Геннадий Семенихин - Новочеркасск: Роман — дилогия
— Ну что, голубчик? Как вижу, живым и невредимым тебя отпустили французские завоеватели?
— Белый флаг помог, ваше превосходительство.
— А главного их коменданта видел?
— Так точно.
— А какое он впечатление произвел? — медленно приближаясь к основному вопросу о результатах переговоров, тянул Платов. Тянул потому, что уже догадывался, что не с доброй вестью вернулся парламентер.
— Хорохористый мужичок, — поморщился Денисов.
— Та-ак, — протянул Платов. — А теперь выкладывай ответ, каким бы он пакостным ни был.
— Комендант гарнизона Намюра сдать крепость немирному отказался, — глядя в глаза походному атаману Войска Донского, доложил майор. — Он попросил слово в слово передать ответ.
— Передай, — все больше мрачнея, выдавил Платов.
— Разрешите слово в слово? — звякнув грязными шпорами, осведомился Денисов.
— Давай.
— Комендант ответил: «Рвы наполнятся трупами, река обагрится кровью, но города не сдам! Храбрость французов известна всем».
— Экий хвастун! — возмущенно закричал Платов. — С битой мордой, да еще смеет говорить о храбрости! Это что же? Выходит, бегство от Москвы до Парижа, у стен коего мы стоим, храбростью у них почитается? Иди отдохни, голубчик. Ты отменно выполнил мое поручение. А ты, Хлебников, обойди всех полковых командиров и передай, что я хочу видеть их у себя в два часа дня. Поспешай.

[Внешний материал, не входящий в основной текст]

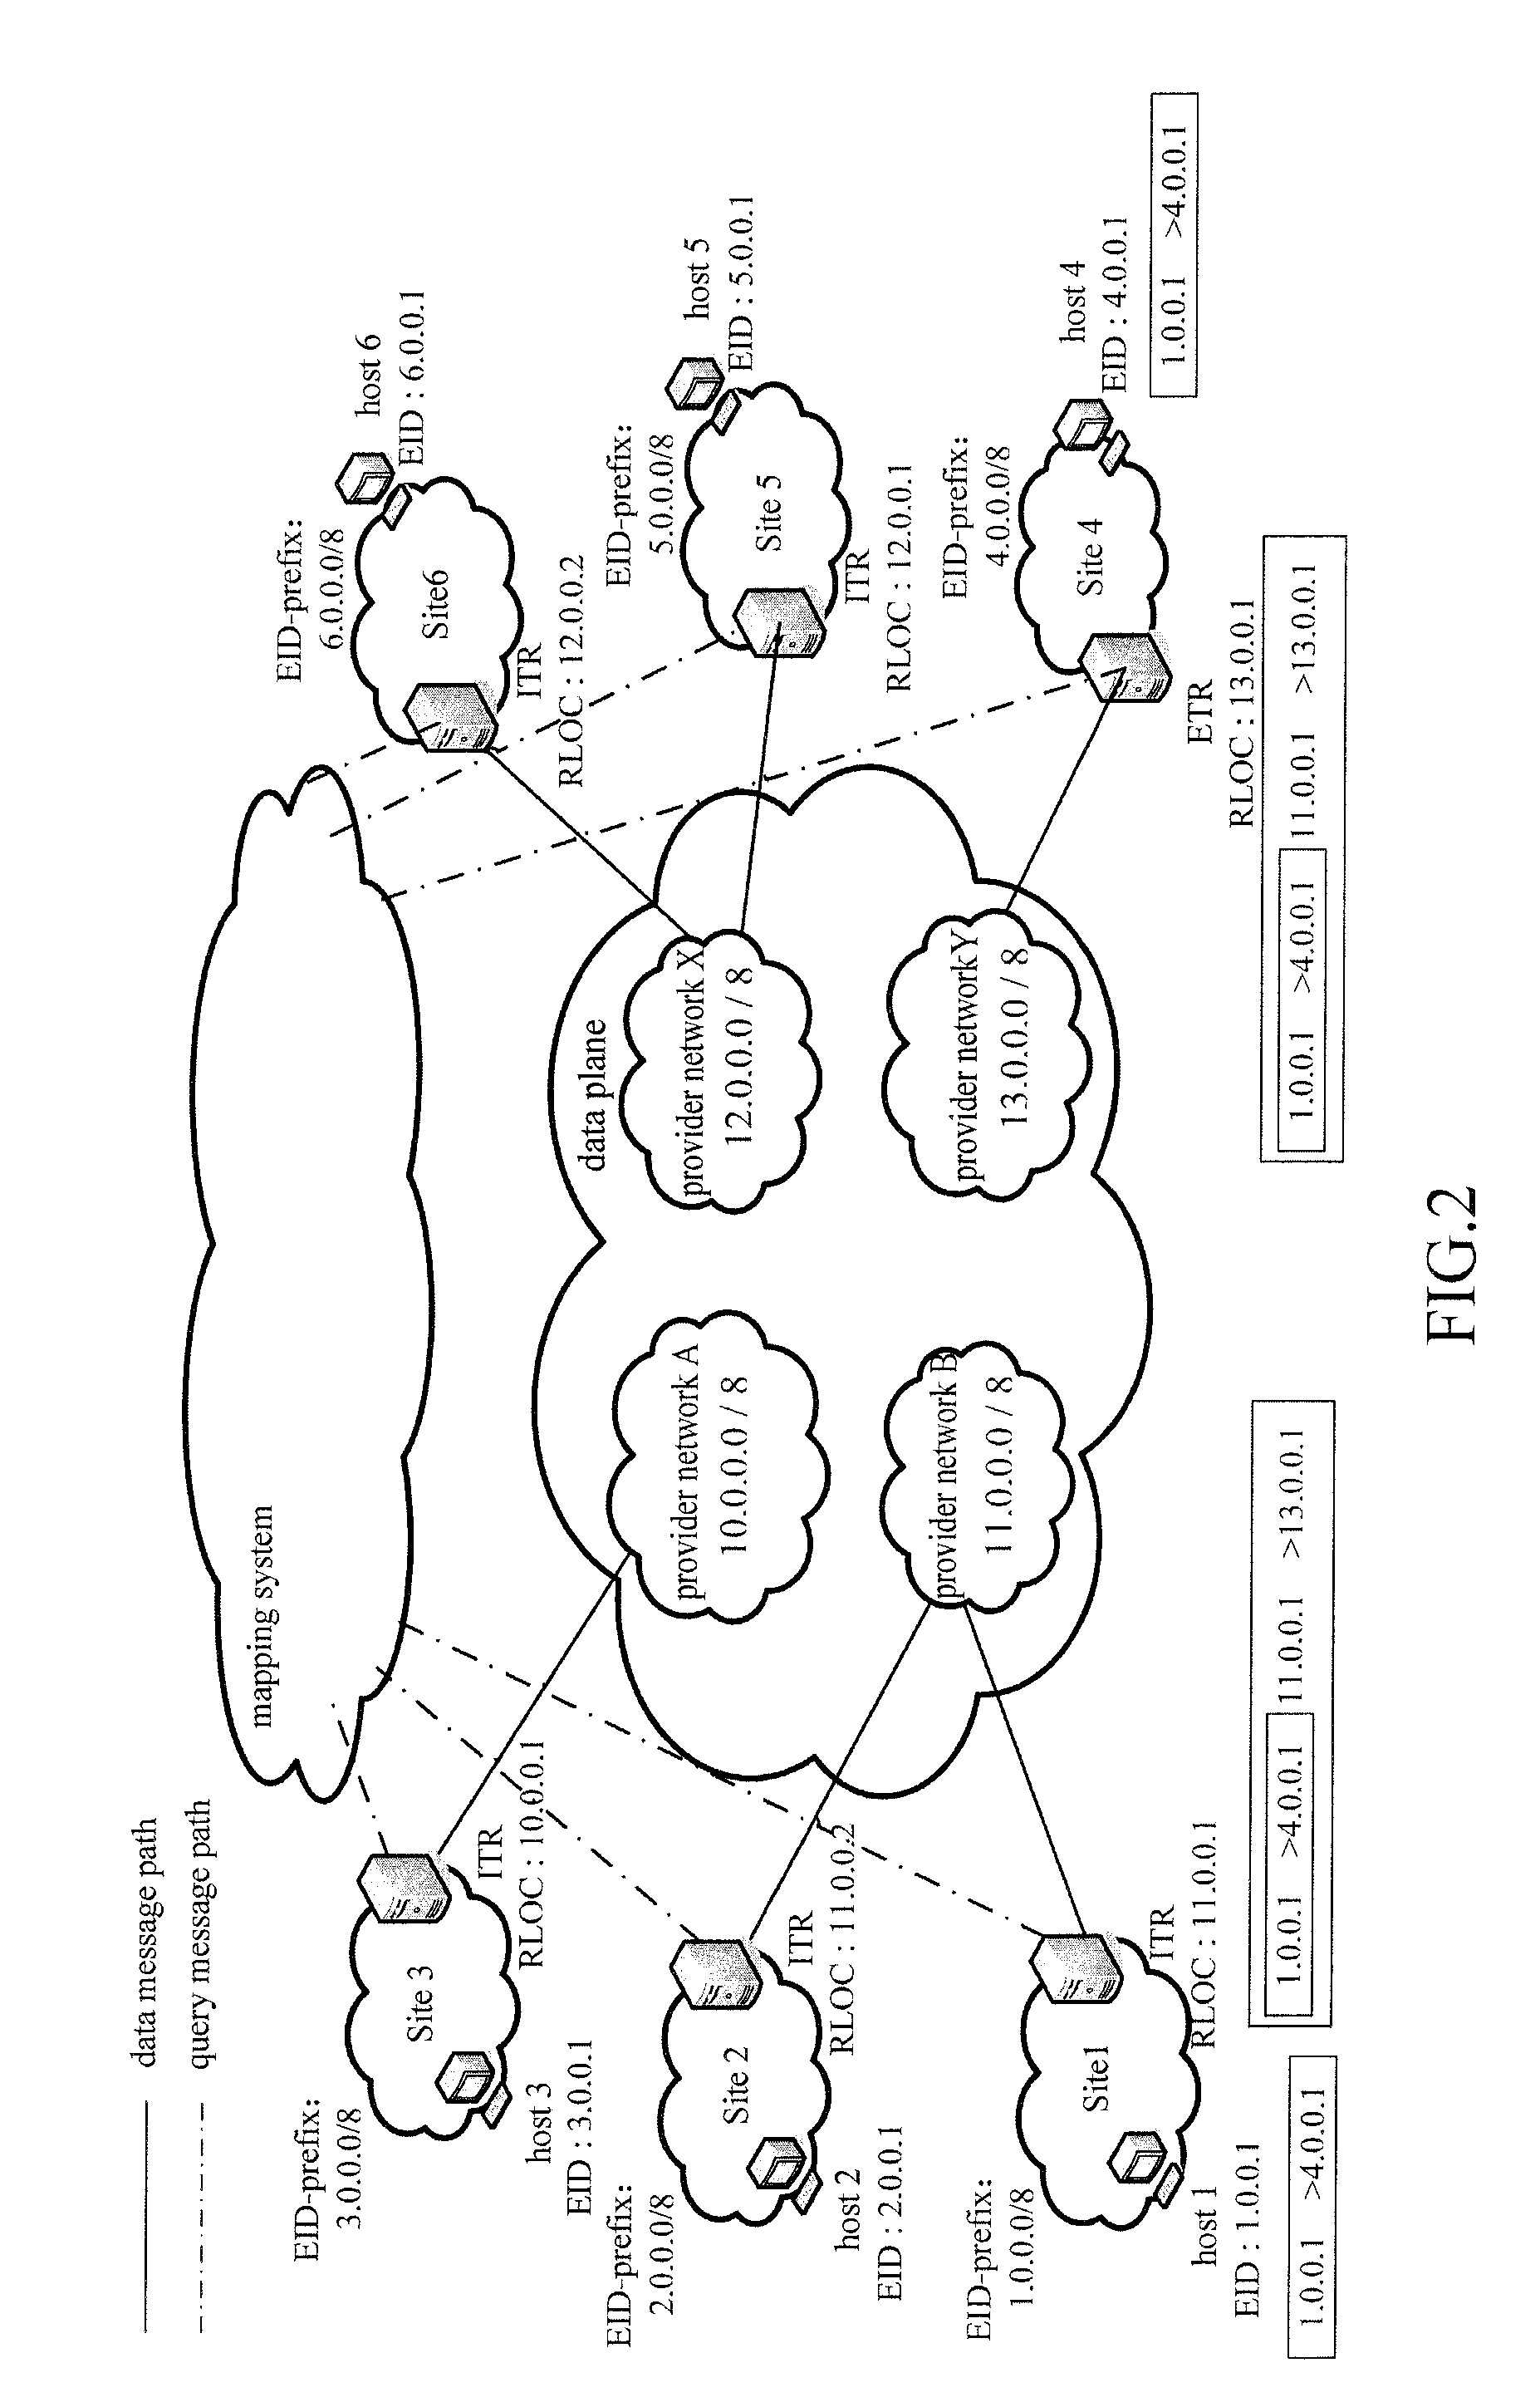 Method for network anomaly detection in a network architecture based on locator/identifier split

Оставшись в одиночестве в просторной комнате нерусского дома, с гравюрами и портретами на стенах, Матвей Иванович ощутил новый приступ озноба. Скептически поглядев на рекомендованные полковым лекарем порошки, он достал из окованного железом небольшого дорожного погребка бутылку перцовой настойки, налил половину стоявшего на комоде простенького бокала и, стоя перед зеркалом, самому себе подмигнув, выпил.
— Это все же получше, чем порошки, — усмехнулся он.

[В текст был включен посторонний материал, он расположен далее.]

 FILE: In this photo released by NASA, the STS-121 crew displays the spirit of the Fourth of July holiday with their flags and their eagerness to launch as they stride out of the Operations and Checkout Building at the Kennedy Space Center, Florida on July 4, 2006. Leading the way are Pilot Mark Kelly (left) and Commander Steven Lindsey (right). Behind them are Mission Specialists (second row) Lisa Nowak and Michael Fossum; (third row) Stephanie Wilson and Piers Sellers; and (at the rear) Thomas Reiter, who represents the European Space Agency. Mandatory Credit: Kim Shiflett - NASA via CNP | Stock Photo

Озноб как будто бы ослабел. Платов, не раздеваясь, лег на жесткий деревянный диван, положив под голову скомканную бурку. Более двух часов оставалось еще до совещания с командирами полков, на котором ему предстояло объявить свою волю. Но практически решение уже готово, обдумано им до мельчайших подробностей. Все взвешено, и никаких сомнений не осталось. И еще он был теперь уверен, что принятое им решение обязательно приведет к победе. «А почему? — смеживая тяжеловатые веки, спросил он самого себя и тотчас же ответил: — Я ведь все же удачливый».

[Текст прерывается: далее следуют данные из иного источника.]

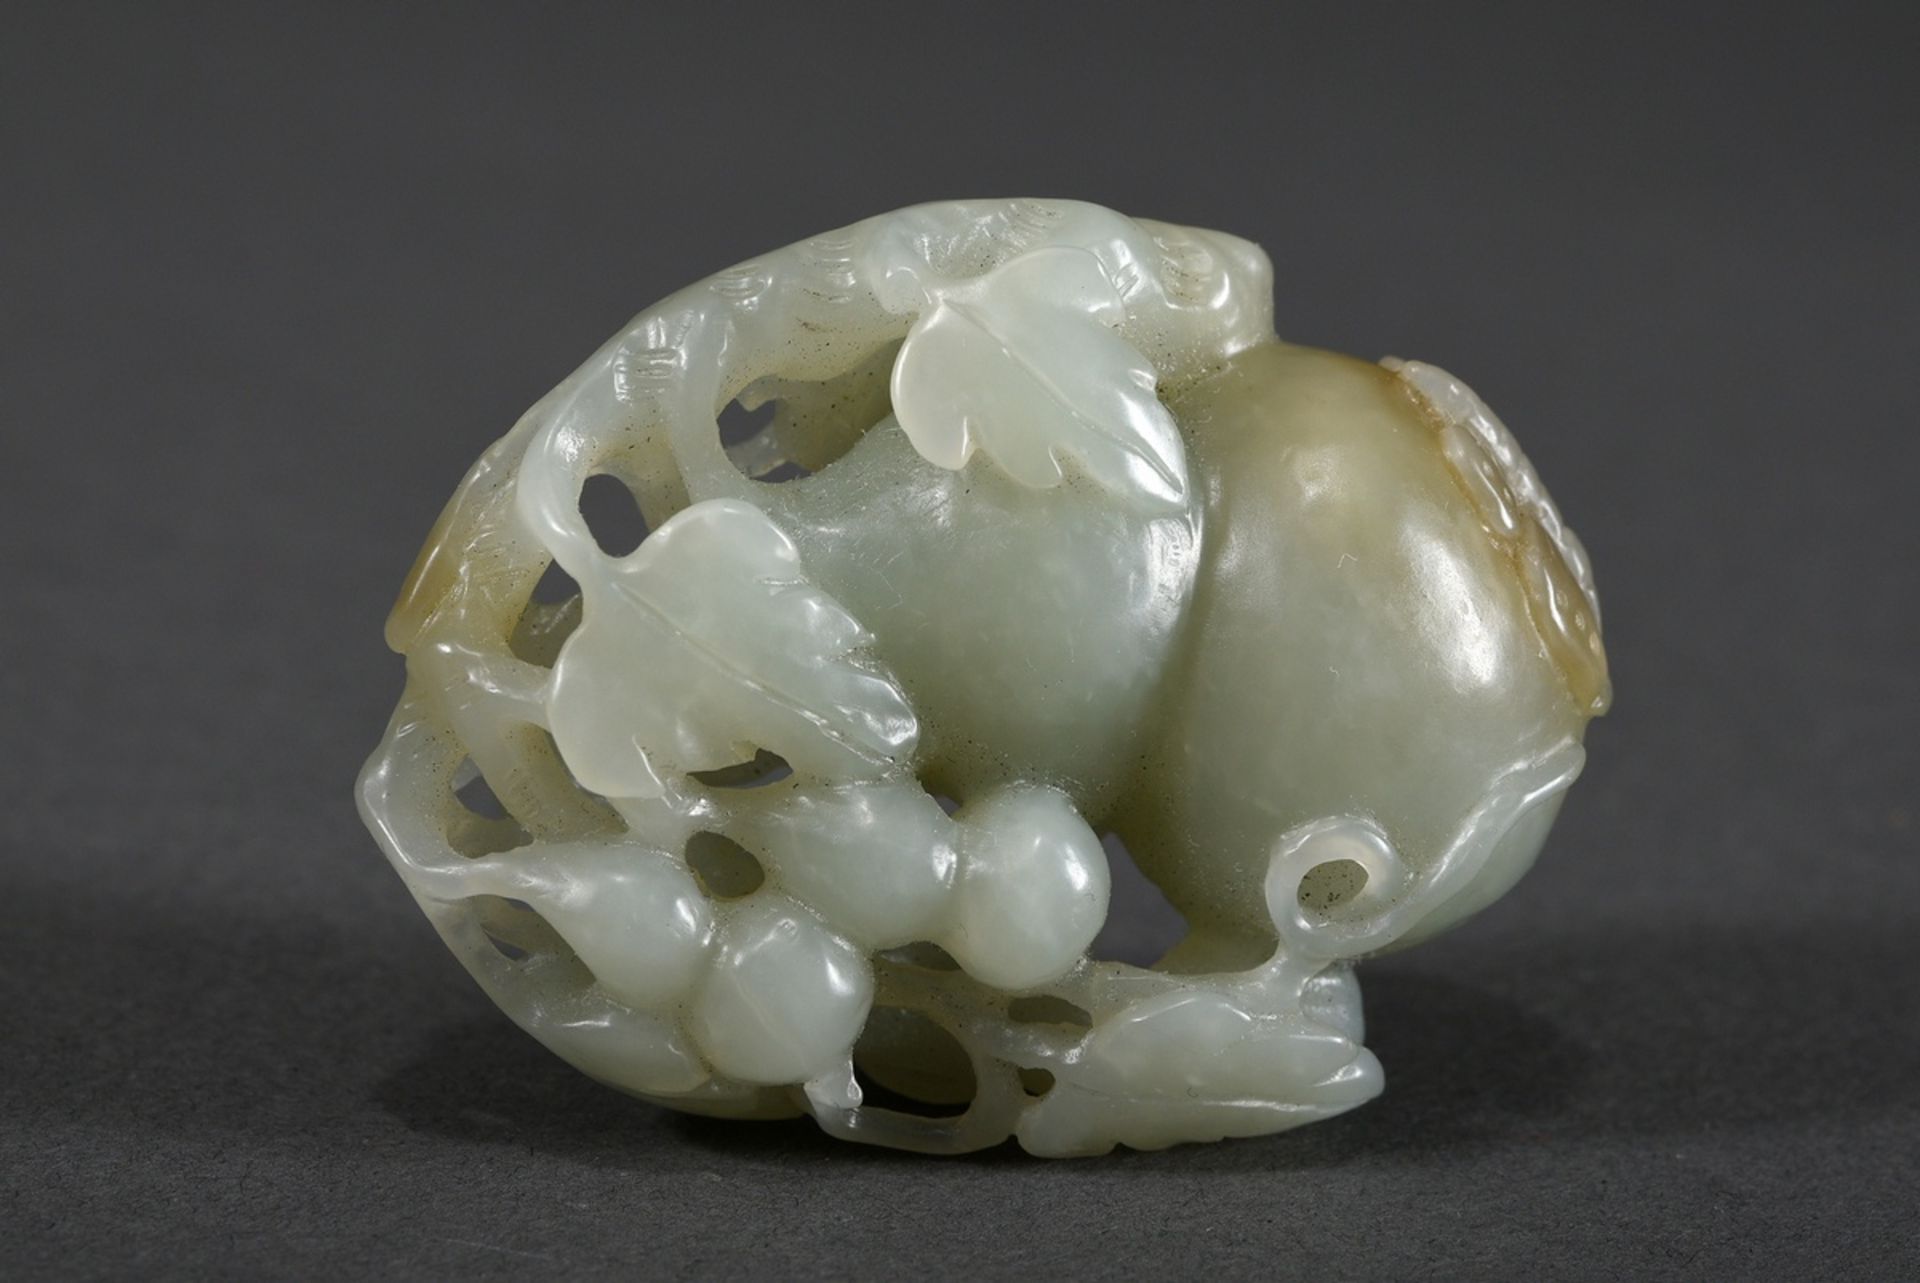 Bright jade toggle "Hulu gourds and butterfly", China, 6x4.2x1.8cm - Image 3 of 5

Ему вдруг вспомнился эпизод из собственной жизни, никоим образом не связанный ни с какими штурмами и кавалерийскими атаками. Любимец всего двора, перед отъездом на Дон был он как-то приглашен на обед в покои императрицы Марии Федоровны. И все протекало отменно, но уже после десерта, откланиваясь, Платов задел саблей драгоценную фарфоровую вазу и опрокинул на пол. А хороший фарфор, как известно, и бьется-то хорошо. Ваза разлетелась вдребезги. Лакеи в раззолоченных ливреях, прислуживавшие во время обеда, замерли от столь неслыханного происшествия. А Платов ужасно растерялся, для чего-то отскочил в сторону, поскользнулся и неминуемо упал бы, если бы находчивая Мария Федоровна сама не поддержала его за локоть. Он обрел равновесие и, рассмеявшись, ответил: «Государыня! И падение мое меня возвышает, потому что я имею счастье еще раз поцеловать руку моей монархини». Затем он оборотился к придворным, присутствовавшим на обеде, и прибавил: «А пословица-то и на самом деле сбылась! Говорят, что если казак чего не возьмет, так разобьет. Первое неправда, а второе и со мною сбылось».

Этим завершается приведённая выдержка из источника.